Structure–system correlation identifies a gene regulatory Mediator submodule

Laurent Larivière 1,4, Martin Seizl 1,4, Sake van Wageningen 2, Susanne Röther 1, Loes van de Pasch 2, Heidi Feldmann 1, Katja Sträßer 1, Steve Hahn 3, Frank CP Holstege 2, Patrick Cramer 1,5
PMCID: PMC2279198  PMID: 18381891

Abstract

A combination of crystallography, biochemistry, and gene expression analysis identifies the coactivator subcomplex Med8C/18/20 as a functionally distinct submodule of the Mediator head module. Med8C forms a conserved α-helix that tethers Med18/20 to the Mediator. Deletion of Med8C in vivo results in dissociation of Med18/20 from Mediator and in loss of transcription activity of extracts. Deletion of med8C, med18, or med20 causes similar changes in the yeast transcriptome, establishing Med8C/18/20 as a predominantly positive, gene-specific submodule required for low transcription levels of nonactivated genes, including conjugation genes. The presented structure-based system perturbation is superior to gene deletion analysis of gene regulation.
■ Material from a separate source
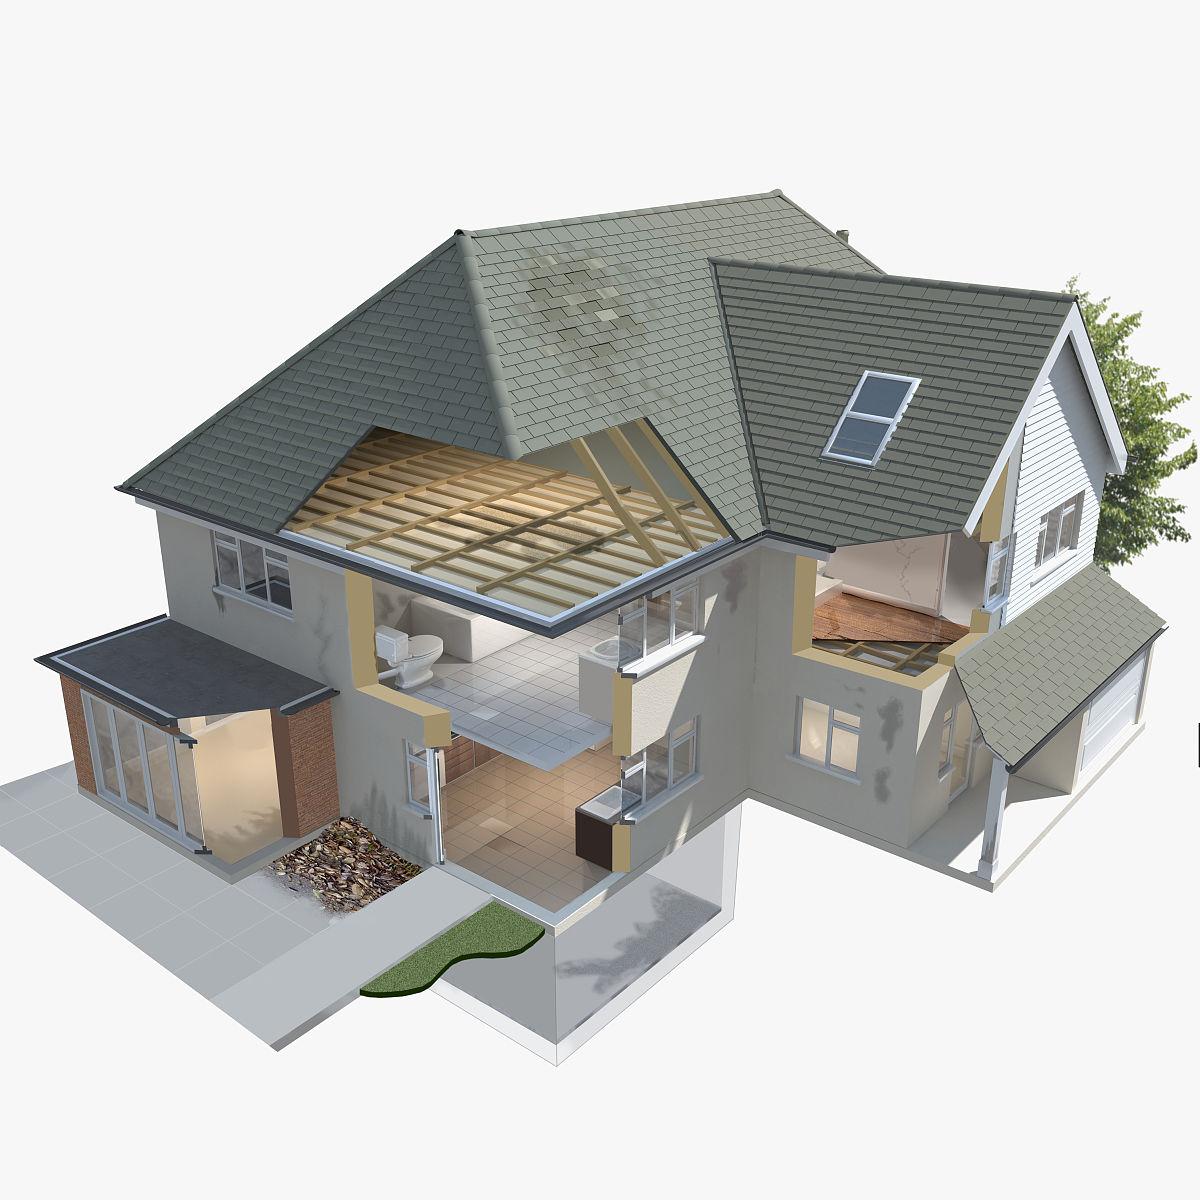 模型,问题,建筑,建筑业,水平画幅,影棚拍摄,房屋,计算机制图,屋顶图片

[Keywords: Mediator of transcriptional regulation, multiprotein coactivator complex, RNA polymerase II transcription, structure–function analysis, molecular systems biology]


Many different transcriptional activators and repressors regulate RNA polymerase (Pol) II transcription in eukaryotic cells. These regulatory factors generally bind to upstream DNA sites and recruit large coregulatory complexes such as the Mediator (Malik and Roeder 2000; Naar et al. 2001; Bjorklund and Gustafsson 2005; Kornberg 2005). Mediator complexes were isolated from fungi, metazoans, and a plant (Boube et al. 2002; Backstrom et al. 2007). Mediator from the yeast Saccharomyces cerevisiae (Sc) is a 1-MDa complex that comprises 25 subunits, of which 11 are essential for viability and 22 are at least partially conserved among eukaryotes. Mediator promotes initiation complex assembly through contacts with activators, Pol II, and general transcription factors.

Mediator subunits reside in different modules named head, middle, tail, and kinase modules (Dotson et al. 2000; Kang et al. 2001). Apparently the Mediator modules are required for the regulation of different subsets of genes. Gene deletion studies implicated the middle module in regulating HSP genes and low-iron response genes, the tail module in regulating HSP and OXPHOS genes, and the kinase module in regulating genes required during nutrient starvation (Holstege et al. 1998; Beve et al. 2005; van de Peppel et al. 2005; Singh et al. 2006).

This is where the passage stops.